---
title: 'Lecture 5:
Loops and some of their alternatives'
author: "Prof. Alexandra Chouldechova"
date: "Fall 2020"
output:
ioslides_presentation:
highlight: tango
widescreen: true
smaller: true
---
## Agenda
- For/while loops to iterate over data
- `apply`
- `map`, `map_`, `map_at`, `map_if`
- `mutate_at`, `mutate_if`
- `summarize_at`, `summarize_if`
## Package and data loading
```{r, message=FALSE, warning=FALSE}
# Our favourite library
library(tidyverse)
# For Cars93 data again
Cars93 <- MASS::Cars93
# For the clean survey data:
survey <- read.csv("http://www.andrew.cmu.edu/user/achoulde/94842/data/survey_data2020.csv",
header=TRUE, stringsAsFactors = FALSE)
```
## More programming basics: loops
- We'll now learn about loops and some more efficient/syntactically simple loop alternatives
- **loops** are ways of iterating over data
## For loops: a pair of examples
```{r}
for(i in 1:4) {
print(i)
}
phrase <- "Good Night,"
for(word in c("and", "Good", "Luck")) {
phrase <- paste(phrase, word)
print(phrase)
}
```
## For loops: syntax
> A **for loop** executes a chunk of code for every value of an **index variable** in an **index set**
- The basic syntax takes the form
```{r, eval=FALSE}
for(index.variable in index.set) {
code to be repeated at every value of index.variable
}
```
- The index set is often a vector of integers, but can be more general
## Example
```{r}
index.set <- list(name="Michael", weight=185, is.male=TRUE) # a list
for(i in index.set) {
print(c(i, typeof(i)))
}
```
## Example: Calculate sum of each column
```{r}
fake.data <- matrix(rnorm(500), ncol=5) # create fake 100 x 5 data set
head(fake.data,2) # print first two rows
col.sums <- numeric(ncol(fake.data)) # variable to store running column sums
for(i in 1:nrow(fake.data)) {
col.sums <- col.sums + fake.data[i,] # add ith observation to the sum
}
col.sums
colSums(fake.data) # A better approach (see also colMeans())
```
## while loops
- **while loops** repeat a chunk of code while the specified condition remains true
```{r, eval=FALSE}
day <- 1
num.days <- 365
while(day <= num.days) {
day <- day + 1
}
```
- We won't really be using while loops in this class
- Just be aware that they exist, and that they may become useful to you at some point in your analytics career
## Loop alternatives
Command | Description
--------|------------
`apply(X, MARGIN, FUN)` | Obtain a vector/array/list by applying `FUN` along the specified `MARGIN` of an array or matrix `X`
`map(.x, .f, ...)` | Obtain a *list* by applying `.f` to every element of a list or atomic vector `.x`
`map_(.x, .f, ...)` | For `` given by `lgl` (logical), `int` (integer), `dbl` (double) or `chr` (character), return a *vector* of this type obtained by applying `.f` to each element of `.x`
`map_at(.x, .at, .f)` | Obtain a *list* by applying `.f` to the elements of `.x` specified by name or index given in `.at`
`map_if(.x, .p, .f)` | Obtain a *list* `.f` to the elements of `.x` specified by `.p` (a predicate function, or a logical vector)

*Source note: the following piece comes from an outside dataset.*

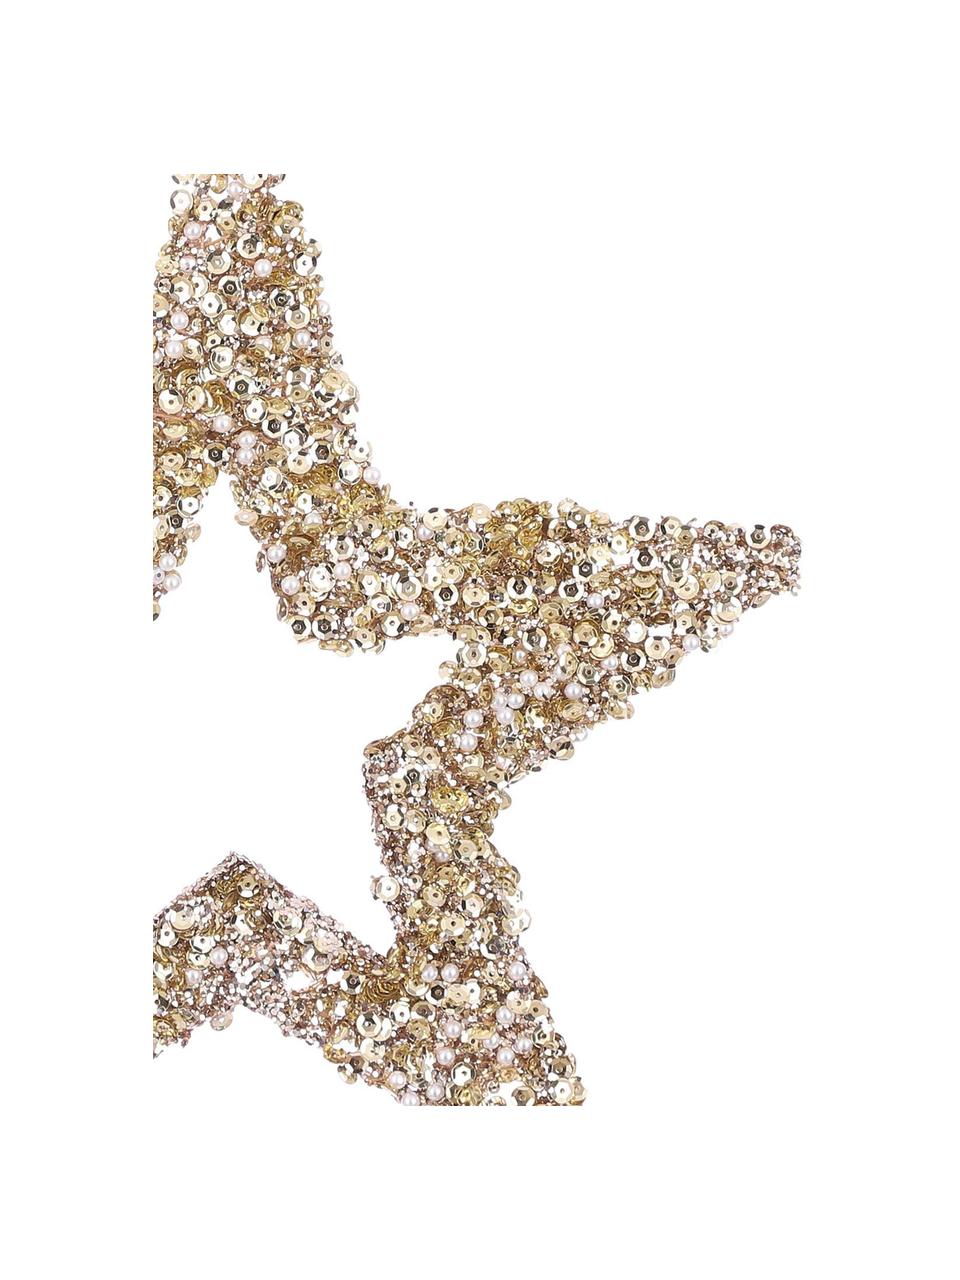 Dekoracja wisząca Shining Star, Bawełna, Odcienie szampańskiego, S 25 x W 25 cm

`mutate_all/_at/_if` | Mutate all variables, specified (at) variables, or those selected by a predicate (if)
`summarize_all/_at/_if` | Summarize all variables, specified variables, or those selected by a predicate (if)
- These take practice to get used to, but make analysis easier to debug and less prone to error when used effectively
- The best way to learn them is by looking at a bunch of examples. The end of each help file contains some examples.
## Example: apply()
```{r}
colMeans(fake.data)
apply(fake.data, MARGIN=2, FUN=mean) # MARGIN = 1 for rows, 2 for columns
# Function that calculates proportion of vector indexes that are > 0
propPositive <- function(x) mean(x > 0)
apply(fake.data, MARGIN=2, FUN=propPositive)
```
## Example: map, map_()
```{r}
map(survey, is.numeric) # Returns a list
map_lgl(survey, is.numeric) # Returns a logical vector with named elements
```
## Example: apply(), map(), map_()
```{r}
apply(cars, 2, FUN=mean) # Data frames are arrays
map(cars, mean) # Data frames are also lists
map_dbl(cars, mean) # map output as a double vector
```
## Example: mutate_if
Let's convert all factor variables in Cars93 to lowercase
```{r}
head(Cars93$Type)
Cars93.lower <- mutate_if(Cars93, is.factor, tolower)
head(Cars93.lower$Type)
```
- Note: this has the effect of producing a copy of the `Cars93` data where all of the factor variables have been replaced with versions containing lowercase values
## Example: mutate_if, adding instead of replacing columns
If you pass the functions in as a list with named elements, those names get appended to create modified versions of variables instead of replacing existing variables
```{r}
Cars93.lower <- mutate_if(Cars93, is.factor, list(lower = tolower))
head(Cars93.lower$Type)
head(Cars93.lower$Type_lower)
```
## Example: mutate_at
Let's convert from MPG to KPML but this time using `mutate_at`
```{r}
Cars93.metric <- Cars93 %>%
mutate_at(c("MPG.city", "MPG.highway"),
list(KMPL = ~ 0.425 * .x))
tail(colnames(Cars93.metric))
```
Here, `~ 0.425 * .x` is an example of specifying a "lambda" (anonymous) function. It is permitted short-hand for
```{r, eval = FALSE}
function(.x){0.425 * .x}
```
## Example: summarize_if
Let's get the mean of every numeric column in Cars93
```{r}
Cars93 %>% summarize_if(is.numeric, mean)
Cars93 %>% summarize_if(is.numeric, list(mean = mean), na.rm=TRUE)
```
## Example: summarize_at
Let's get the average fuel economy of all vehicles, grouped by their Type
```{r}
Cars93 %>%
group_by(Type) %>%
summarize_at(c("MPG.city", "MPG.highway"), mean)
```
## Another approach
We'll learn about a bunch of select helper functions like `contains()` and `starts_with()`.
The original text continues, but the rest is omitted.